Based on pooler cpuminer 2.3.2 and the tpruvot@github fork CUDA support by Christian Buchner, Christian H. and DJM34 Includes optimizations implemented by sp-hash, klaust, tpruvot and tsiv.

[2018-01-08 21:25:47] NVML GPU monitoring enabled. [2018-01-08 21:25:47] 1 miner thread started, using 'x17' algorithm. [2018-01-08 21:25:47] Binding thread 0 to cpu 0 (mask 1) 0 [2018-01-08 21:25:47] thread 0: new work [2018-01-08 21:25:47] GPU #0: start=00000000 end=017d7840 range=017d7841 Cuda error in func 'x17_haval256_cpu_hash_64' at line 343 : an illegal memory access was encountered. [2018-01-08 21:25:50] stopping 1 threads [2018-01-08 21:25:55] resetting GPUs ccminer$ cuda-memcheck ./ccminer -a x17 --benchmark --debug ========= CUDA-MEMCHECK ccminer 8.18-KlausT (64bit) for nVidia GPUs Compiled with GCC 5.4 using Nvidia CUDA Toolkit 9.1

Based on pooler cpuminer 2.3.2 and the tpruvot@github fork CUDA support by Christian Buchner, Christian H. and DJM34 Includes optimizations implemented by sp-hash, klaust, tpruvot and tsiv.

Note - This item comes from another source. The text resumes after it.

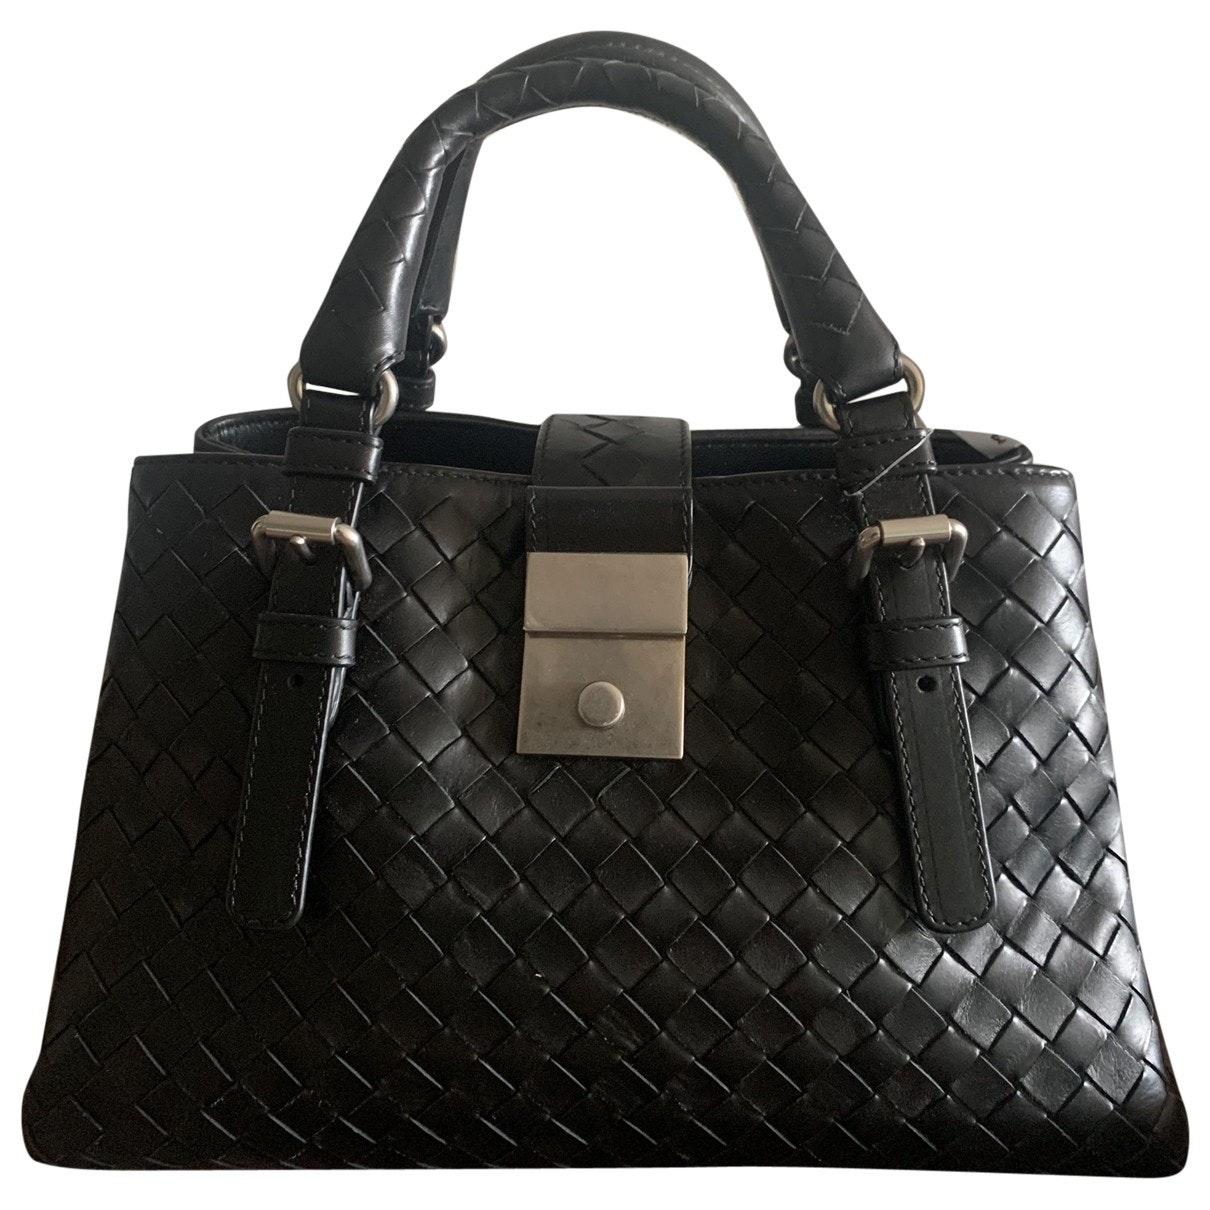 Bottega Veneta Roma Leather Handbag in Black - Lyst

[2018-01-08 21:26:03] NVML GPU monitoring enabled. [2018-01-08 21:26:03] 1 miner thread started, using 'x17' algorithm. [2018-01-08 21:26:03] Binding thread 0 to cpu 0 (mask 1) 0 [2018-01-08 21:26:03] thread 0: new work [2018-01-08 21:26:03] GPU #0: start=00000000 end=017d7840 range=017d7841 Cuda error in func 'x11_luffaCubehash512_cpu_hash_64' at line 1277 : the launch timed out and was terminated. [2018-01-08 21:26:15] stopping 1 threads [2018-01-08 21:26:20] resetting GPUs ========= ERROR SUMMARY: 0 errors

I not familiar with cuda, but I want to fix this. Could you help me to make a first stem to resolve this problem?

P.S.: The last change from git log is 'Sun Jan 7 23:07:14 2018 +0100'

KlausT commented 6 years ago

The latest commits should fix the x17 problem, but you have to use the --no-cpu-verify option for now. For some reason a part of the CPU code is broken under Linux. Maybe a GCC issue, version 7 is not really compatible.